For studios and distributors, “anything that gets seats is really important,” Bock said. One company that seems to have figured out that equation is Fathom Events (as of January, will be renamed “Fathom Entertainment”), a distributor jointly owned by the country’s three largest movie theater chains: Cinemark, Regal and AMC. “This company was first founded many years ago with the idea that we would try to accommodate Monday through Thursday,” CEO Ray Nutt speaks to me from his Colorado office, which is decorated with framed posters of theatrical films including The chosen one—a fictionalized account of the life of Jesus Christ, which Fathom brought to light released to theaters with great success. “That has changed dramatically.
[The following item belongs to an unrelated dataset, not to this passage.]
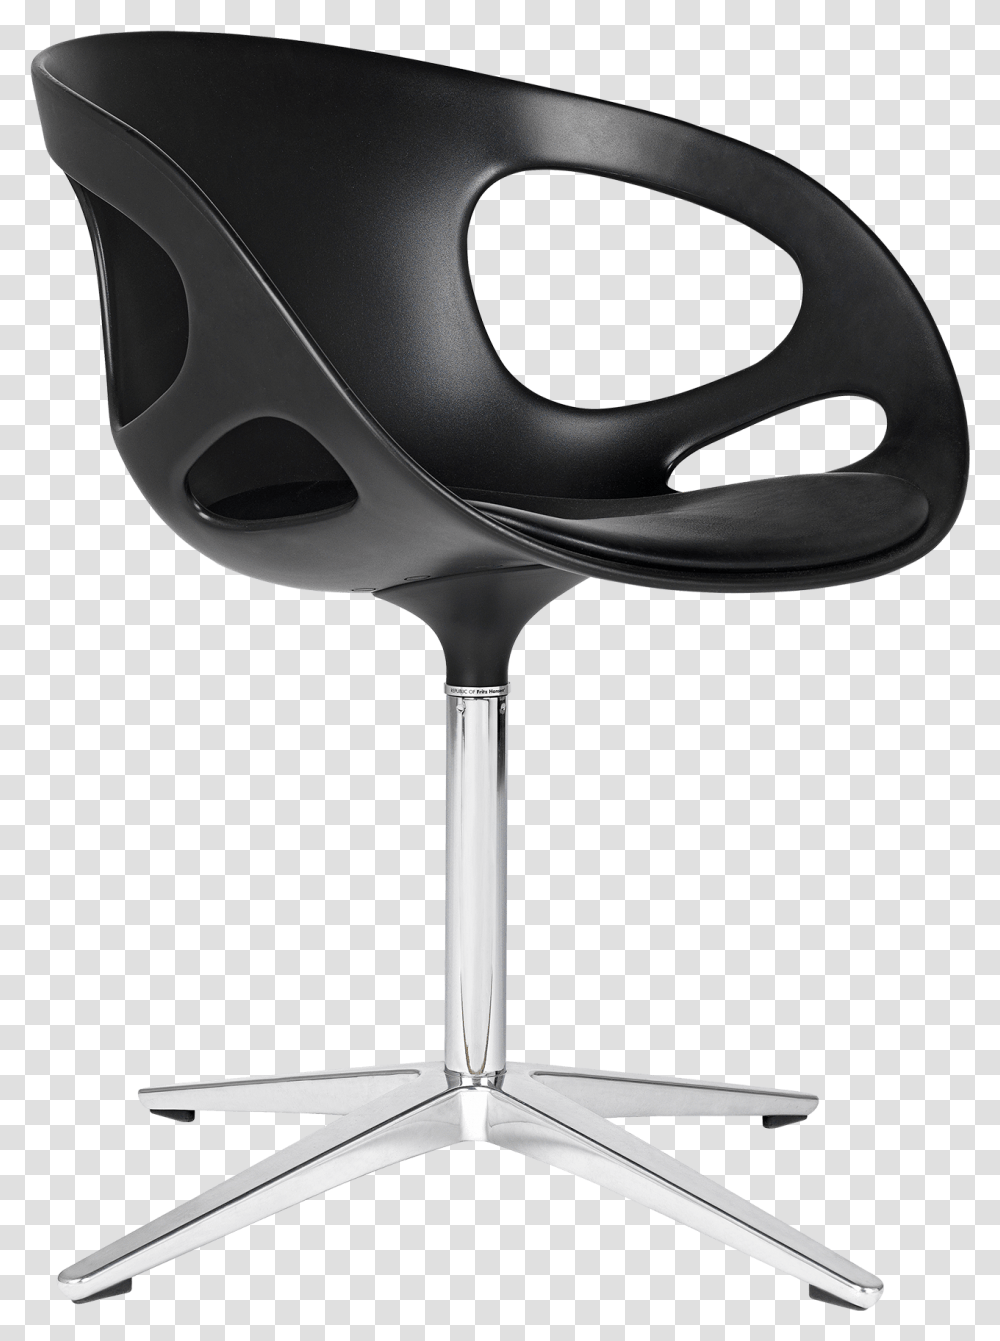 Rin Soft Leather Black Rin Stol Fritz Hansen, Chair, Furniture, Sunglasses, Accessories Transparent Png

I’ll be honest with you, it’s probably easier to get merchandise in theaters now that commercial production is down.”

Fathom took advantage of the struggling theater situation by bringing in films such as Thirsty Jesus: The Miracle of the Eucharist, a film that celebrates the Catholic faith boasts of one of the Mark Wahlbergbrothers as producers. Unless something happens in the next two weeks, it will end the year as the third-best non-fiction film at the box office, behind only Piece by piece, Pharrell WilliamsBiology documentaries using LEGO. (Vanity fair Contacted representative to Jesus is thirsty for comment, but no response was received as of publication time.)

Another Fathom release, The ship and the darkness, claims to prove that the biblical account of an all-encompassing flood (the ark in the title is Noah’s, not Indiana Jones’s) is correct. It was billed as the fifth highest-grossing documentary of the year.

While Nutt’s theatrical partners clearly deserve credit for bringing niche films to larger audiences, there are other ways to build audiences for religious films. like this. The company actively engages religious groups outside of the areas where Fathom’s faith-centered films are playing. “We license that content to them, to the church, and then the churches actually display that content,” Nutt said. “That’s something we feel really excited about doing, to make sure that people in smaller communities that don’t have a movie theater within a reasonable distance of their home can see our content. I.”

Church screenings, he added, “aren’t a huge revenue generator for us” — but the strategy can clearly boost a movie’s box office receipts. For a genre where most films sell thousands of tickets (if that), group ticket sales can be quite significant.

Faith-based film advocates also use social media advertising to encourage email campaigns. Rebecca Fons, program director for both Chicago’s Gene Siskel Film Center and Iowa Theater in the small Midwestern town of Winterset, is where the business ends of those campaigns. “You can imagine that I program really different films in Chicago than I do in Iowa,” she said. At the second location, she was encouraged to show “Trump content — or, you know, Catholic content or Christian content.”